Her perfect if stern face was framed by red hair, cropped off just beneath the woman’s chin, leaving her neck bare. She wore a broadbelt that supported a steel bustier, mail leggings, and a leather skirt that was open in front almost to her generous hips.

From the broadbelt hung an assortment of bladed weapons, all of which legally bore peacestrings upon their hilt, though I suspected these symbols of nonaggression would not have prevented the woman from drawing any of her blades efficiently. Although the armor and weaponry was daunting, they did not manage to hide a glorious face and, shall we say, a healthy body that now positioned itself at the dark end of the bar.

“Who,” I asked the all-knowing tailor, “is that?”

“Must be Kendra,” he said quietly. “An adventuress.” I had heard of her. But her reputation, though impressive, had not nearly done her justice. “Heard she was coming to the Vast Swamp,” the tailor went on. “Supposed to be looking for

treasure there.”

Her looks alone were treasure enough for a hundred men, I thought, but I kept my opinion to myself. Others were not so tactful. It came as no surprise to me when Dovo lumbered up to Kendra and sat down next to the woman. “Buy you an ale, missy?”

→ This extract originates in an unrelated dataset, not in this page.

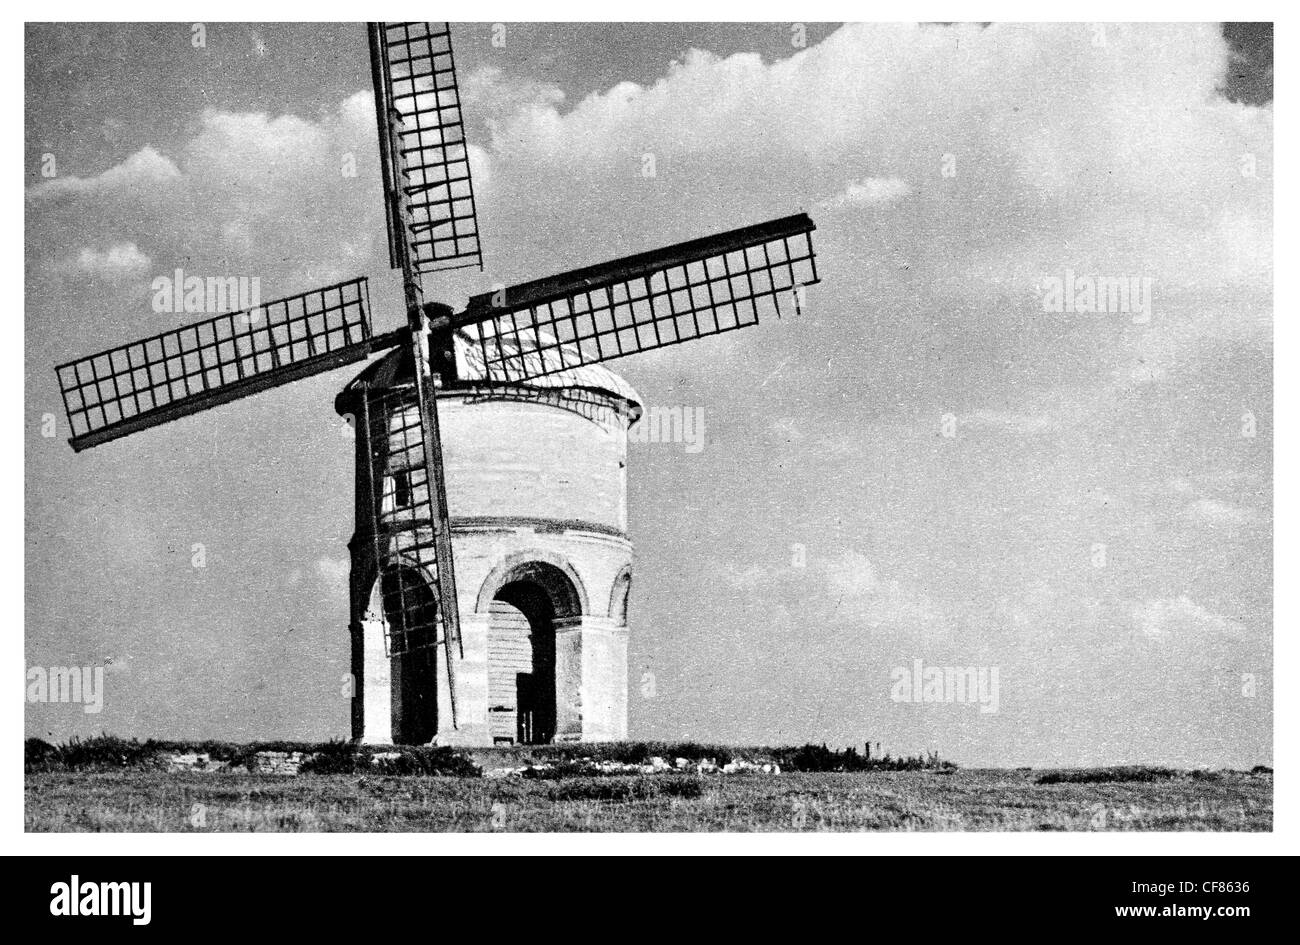 Windmühle Chesterton gewölbt Basis Warwickshire Denkmalschutz ich Wahrzeichen Inigo Jones West Midlands England Europa UK Erholung Mühle Stockfoto

I hope I’m never looked at that coldly by a woman. If Dovo had been any other man, his blood would have frozen, and once it thawed he’d have been on his merry way. But his skull was as thick as his muscles, and he merely leered in response to her sneer. “And what are you?” she said, examining his stained clothing. “Slop boy?”

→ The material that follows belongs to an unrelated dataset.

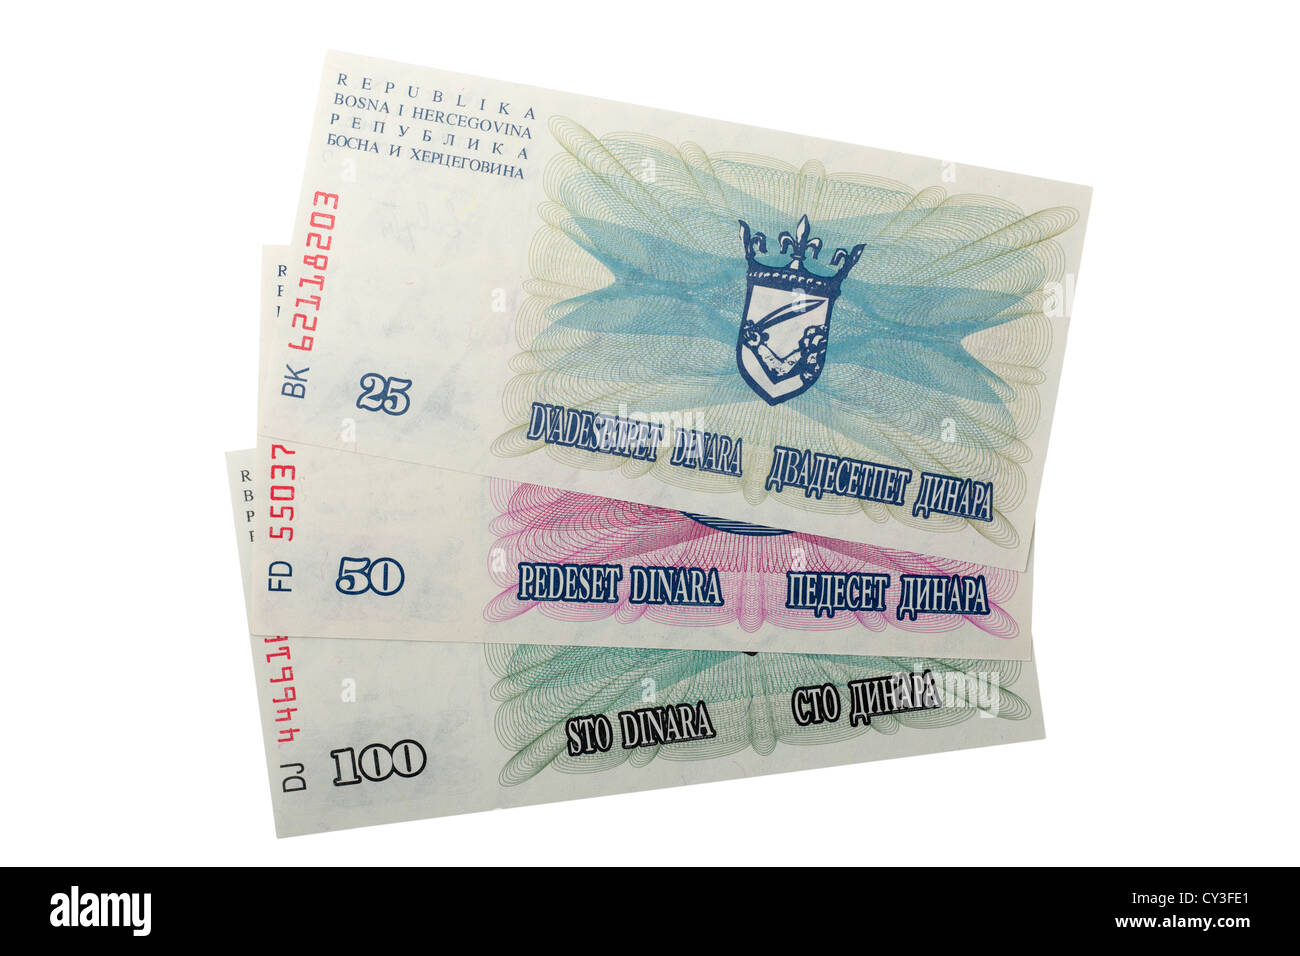 Bosnia Herzegovina 25 50 100 Dinara banknotes Stock Photo

He colored then, and drew himself up. “Slop boy, is it? Not hardly, missy!”

“Nay indeed!” shouted a tavern wag, safely from a dark corner. “A nail gatherer!”

“A fire stoker!” cried another, given the anonymity of the mob and the tavern’s darkness.

“A smith!” insisted Dovo.

“A smith’s assistant!” cried the first voice.

“Then,” said Kendra with a voice that would have frosted over Anauroch, “I’ll know who to come to when I want my horse’s spit licked off its bridle.”

It wasn’t the most eloquent insult I’d ever heard, but it got under Dovo’s skin. “Watch yourself, missy!” he said loud enough for everyone to hear. “There’s more to me than you might think—much more.”

Kendra glanced down, then looked away disinterestedly. “I doubt it.”

He grabbed her arm then and started to whirl her about, but as quick as a snake she pulled out a dagger and pressed it against his throat. “I don’t like being touched,” she said. “Especially not by a smith’s assistant. Barkeep!” she said to

Shortshanks. “Why don’t you toss this bat’s dropping out of your establishment?”

Shortshanks had already come up with that idea on his own. He laid a smart rap behind Dovo’s knee with his mallet, and the man nearly fell. “Out!” the dwarf bellowed, and Kendra added to the command by flinging Dovo toward the door.